We can also do things like validate the data type using $type, check that a property is required, and perform more specific validations on numbers.

This is interesting, as a decentralized application could use JSON schemas hosted in IPFS to ensure that any new JSON object conforms to all validation rules of the applicable JSON schema. In this scenario, the dapp developers would most likely be the ones creating the schemas, so the authoritative schema design for a particular object would most likely be dictated by the more popular dapp developers. I’m not sure I’m totally in love with that, but it’s probably the most likely case as every individual dapp developer has an incentive to describe objects that are the most relevant to their dapp. This is similar, but perhaps much more agile than the development of microformat standards.

Machine Learning & AI

While writing all of this has been a useful thought exercise, I can’t help but hear the echoes of all of the critics of the semantic web, arguing that it’s a hopeless exercise to assume some collaborative human effort could define something so complex, and that attempting to manually construct and maintain the semantic web is a foolish endeavor.

Google has almost single-handedly proven that probabilistic modeling is more effective than manual models when it comes to mapping disparate resources.
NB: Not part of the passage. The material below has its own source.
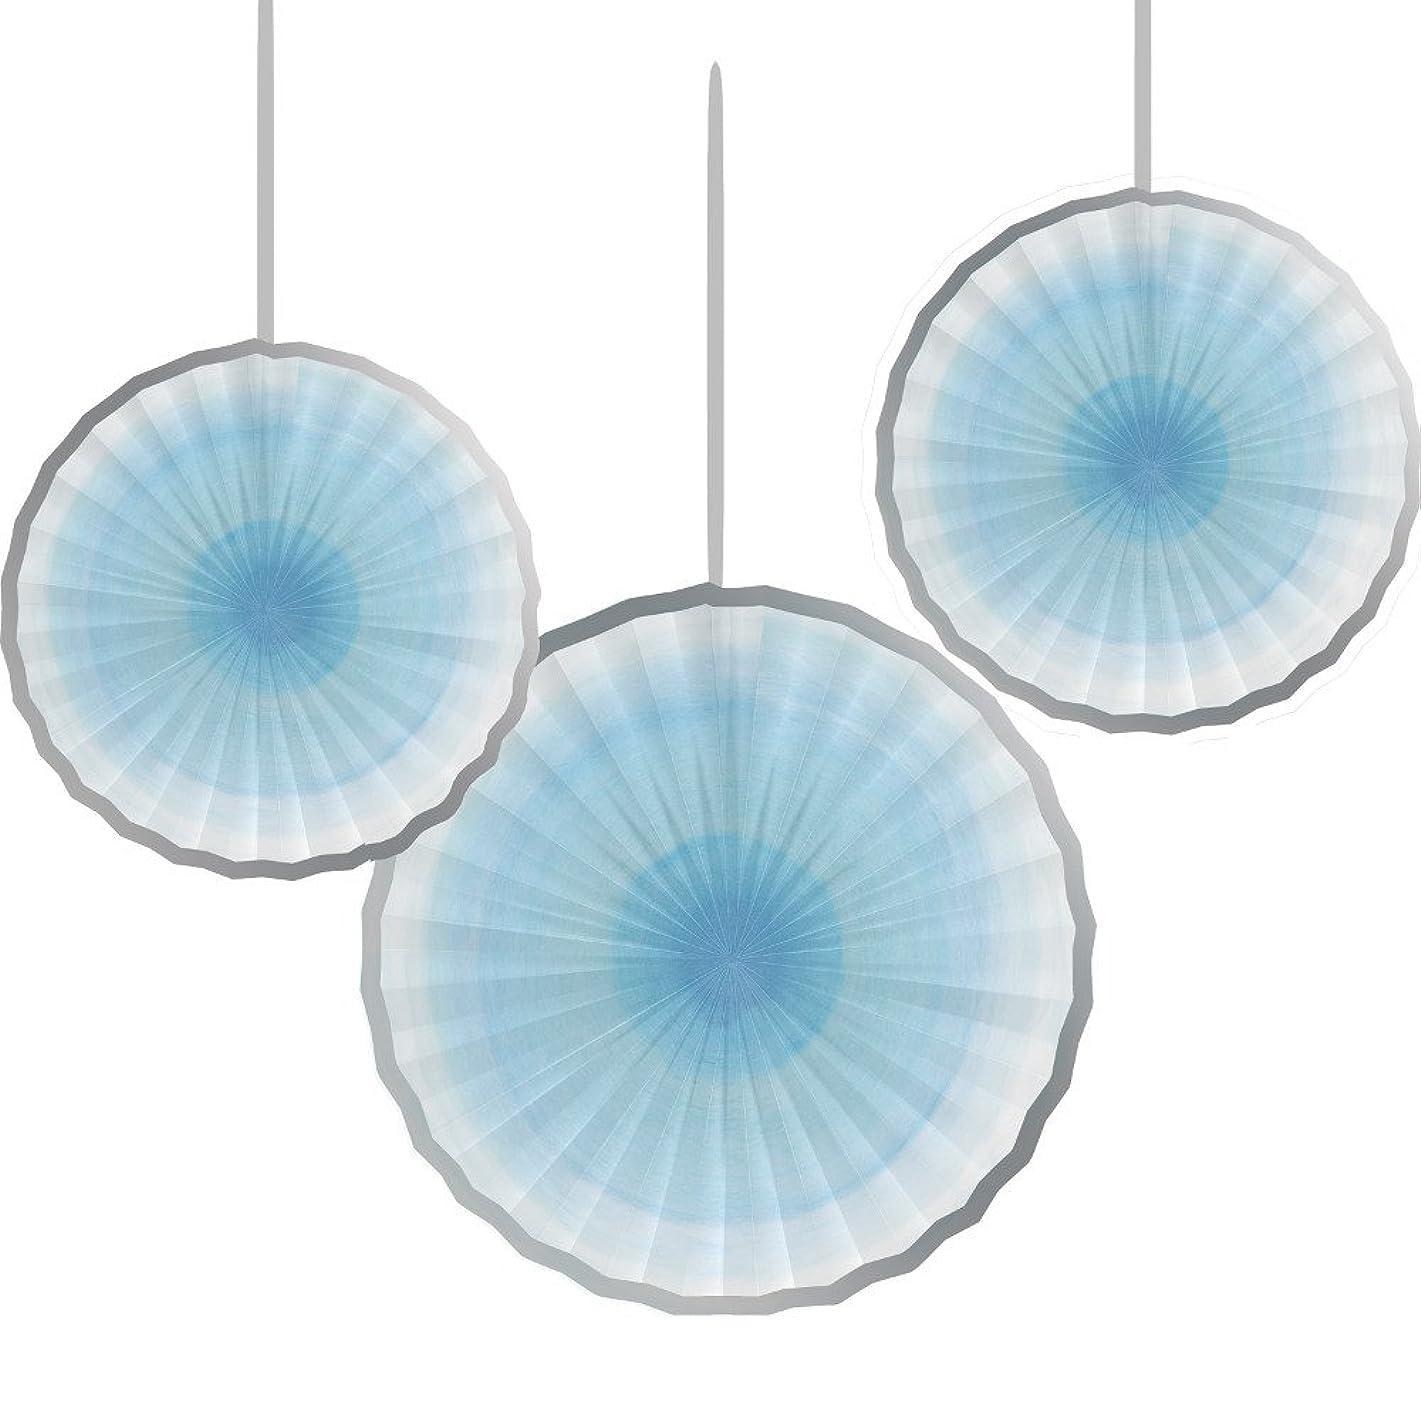 Creative Converting 322240 Festive Twinkle Little Star Boy Paper Fans, Multi Sizes, Blue

Human coordination is too time consuming and costly, so machines are much better suited to make inferences on data associations on our behalf.

So maybe computers should write and publish the schema we should use via probabalistic modeling by analyzing what everyone is publishing as IPFS documents, in essence creating and maintaining an evolving dictionary that both humans and application developers can understand.

Call it – an observational schema – one that is continuously updated as the overall system adapts to use. If a specific object type begins to contain an additional property with accelerating consistency, then the schema can adapt further.

Whatever solution emerges, I do believe the distributed web will need some sort of shared database schema. In practice, I think it will be some combination of machine learning and individually mantiained JSON Schemas hosted as their own JSON documents on IPFS that succeed.

In any case, I’m excited to revisit this post in 5-10 years to see how things unfold!